Через некоторое время в Дом дружбы и культурных связей, который возглавлял Арсений Ваницкий, приехала красивая элегантная дама, Хельга Сибаи, договариваться о конкретном сотрудничестве Акции с Беларусью. Было достигнуто соглашение об уходе за памятниками жертвам фашизма (Хатынь), об участии немецких волонтеров в лечении наших психических больных (Новинки), о присмотре за малышами в некоторых детских садах. Соглашение не осталось на бумаге. Уже перед весной приехала большая группа парней и девушек, полных желания поработать в Хатыни. Ее привез Хойбнер. После того как работа была завершена, в гостинице состоялась встреча, на которой меня попросили рассказать о Беларуси, о войне и немного о литературе. Это было[362] до перестройки, когда многие советские люди еще смотрели на немцев как на врагов, даже в Академии наук кое-кто во время визитов иностранцев запирался в туалете, чтобы не встретиться. Пожалуй, один Дом дружбы и его руководитель Арсений Ваницкий смело шли на контакты и даже добивались их» расширения, для этого не раз приглашали и меня. Потребовалось немало времени и немало сдвигов в массовом сознании, чтобы возникли широкие связи со всеми странами. В налаживании этих связей активно участвовал Союз художников и очень несмело – Союз писателей. Гости приезжали из Германии, приглашали наших людей к себе. Ездили, разумеется, за их счет: у нас вечно не хватало средств.

Однажды меня пригласили в Западный Берлин на форум, связанный с годовщиной захвата власти Гитлером. В том, что форум этот будет антифашистским, у меня не было никаких сомнений, я уже знал отношение Акции к недавнему прошлому Германии. Но, естественно, не мог знать всего. Насколько широко, к примеру, популярны антифашистские идеи среди жителей Западного Берлина.

Массовое собрание это должно было проходить в огромном зале технического университета. Задолго до начала, назначенного на 18 часов, там не осталось ни одного свободного места – пришедшие стояли в проходах и вдоль стен. Руководителем (медиатором) форума стал мой друг Кристоф Хойбнер, и я впервые смог по-настоящему оценить его организаторские и шоуменские способности.

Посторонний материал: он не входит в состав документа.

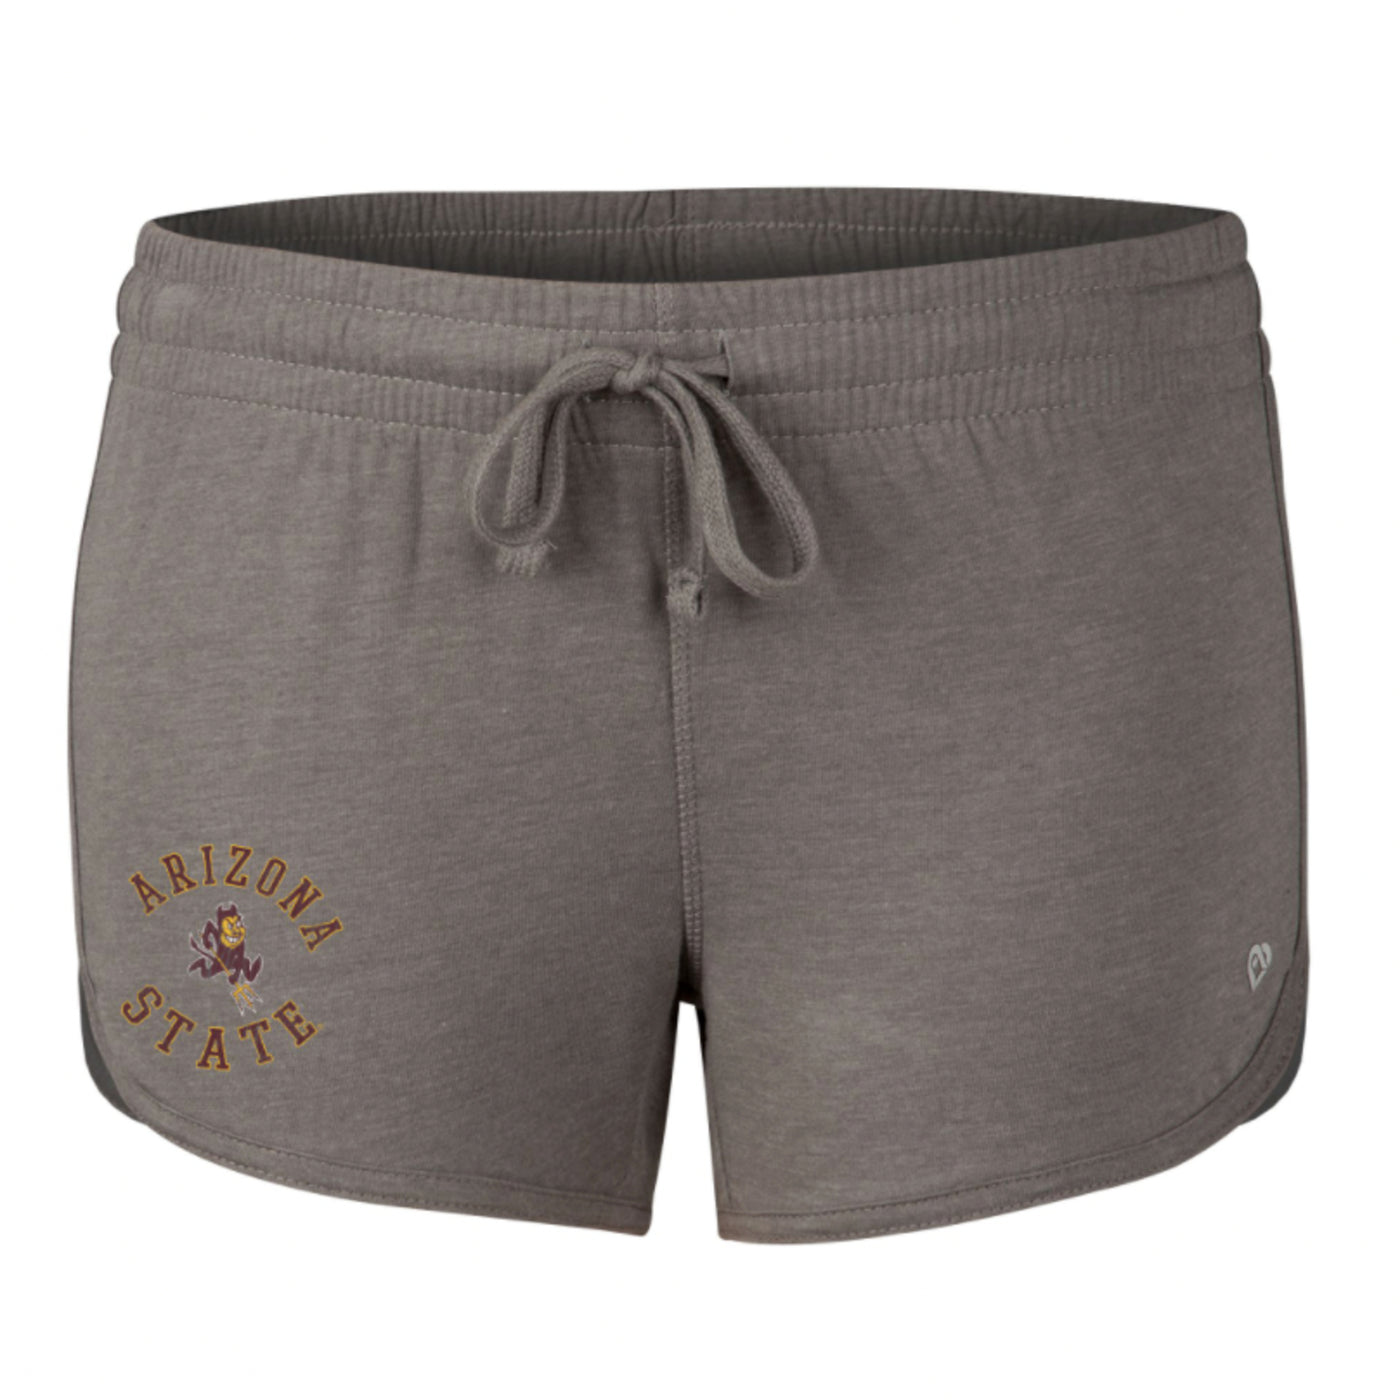 ASU gray women's shorts with elastic waistband, drawstring, and 'Arizona State' lettering on the  right pant leg surrounding the Sparky logo
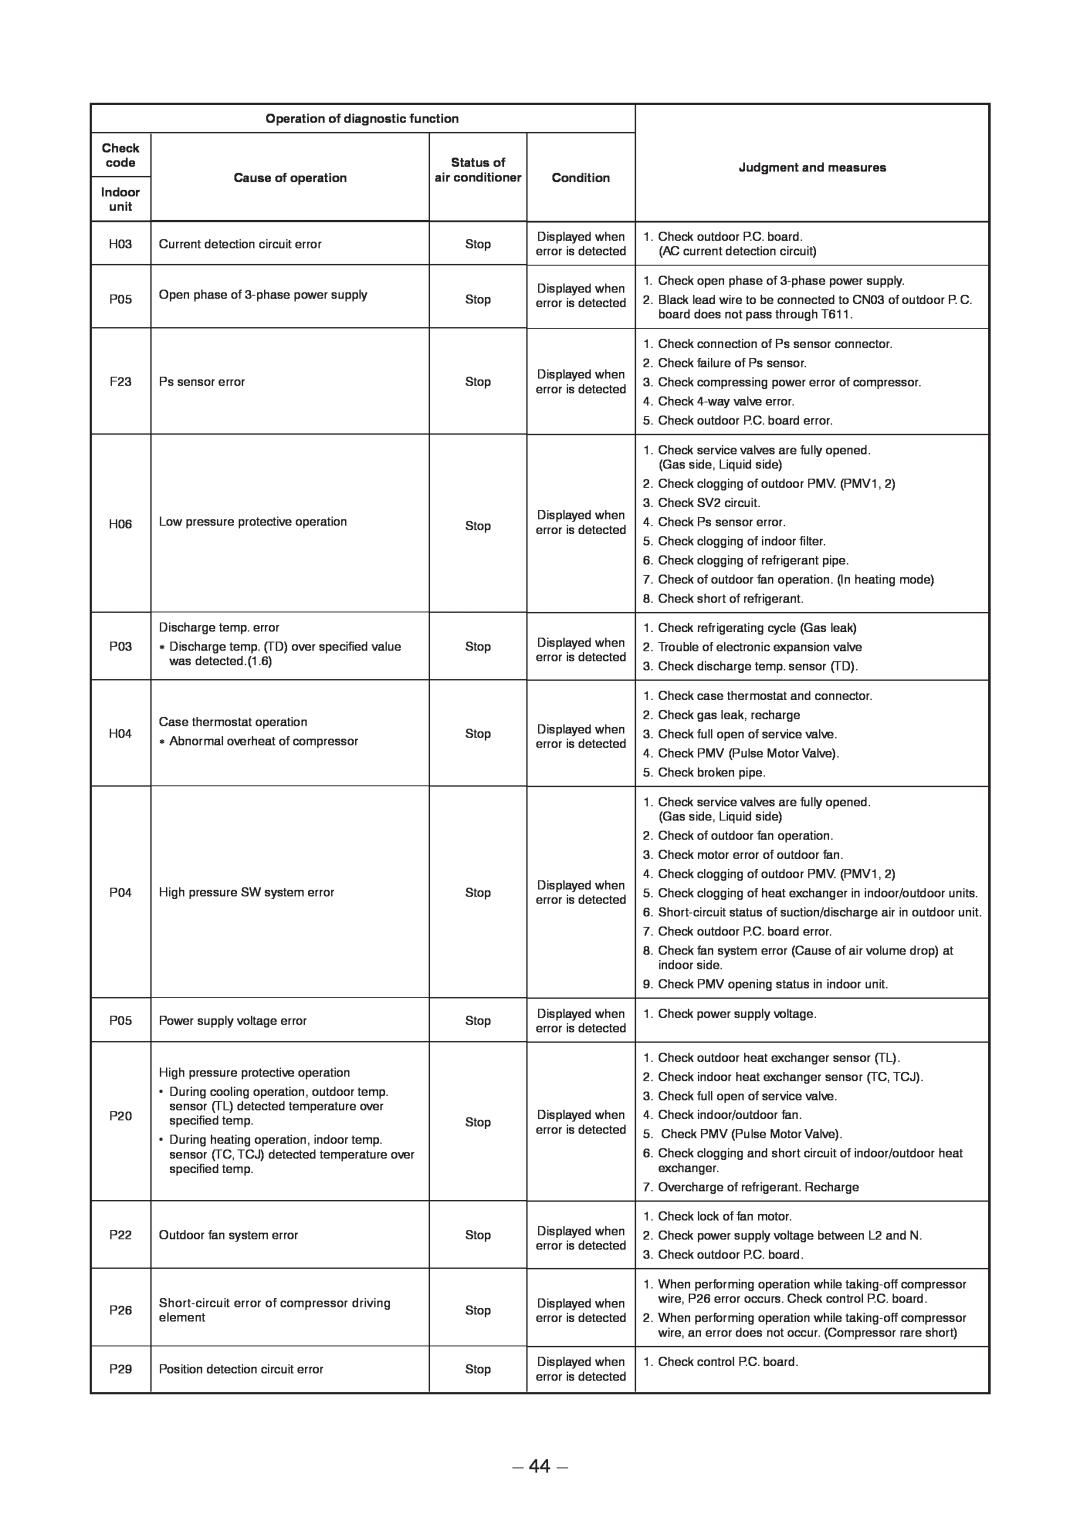 Toshiba RAV-SM1106BT-E Operation of diagnostic function, Check, Status of, Judgment and measures, Cause of operation

В течение шести часов он неутомимо и умело направлял ход интернационального собрания, в котором выступления ветеранов-антифашистов, гостей из всех стран Европы, чередовались с выступлениями вокально-музыкальных групп, в том числе чудесной группы и хора из Израиля. Мне также довелось выступить там. Я рассказал, как был воспринят приход Гитлера к власти в Беларуси, что принес он с собою в дальнейшем, рассказал о наших жертвах, о наших партизанах. Зал аплодировал стоя.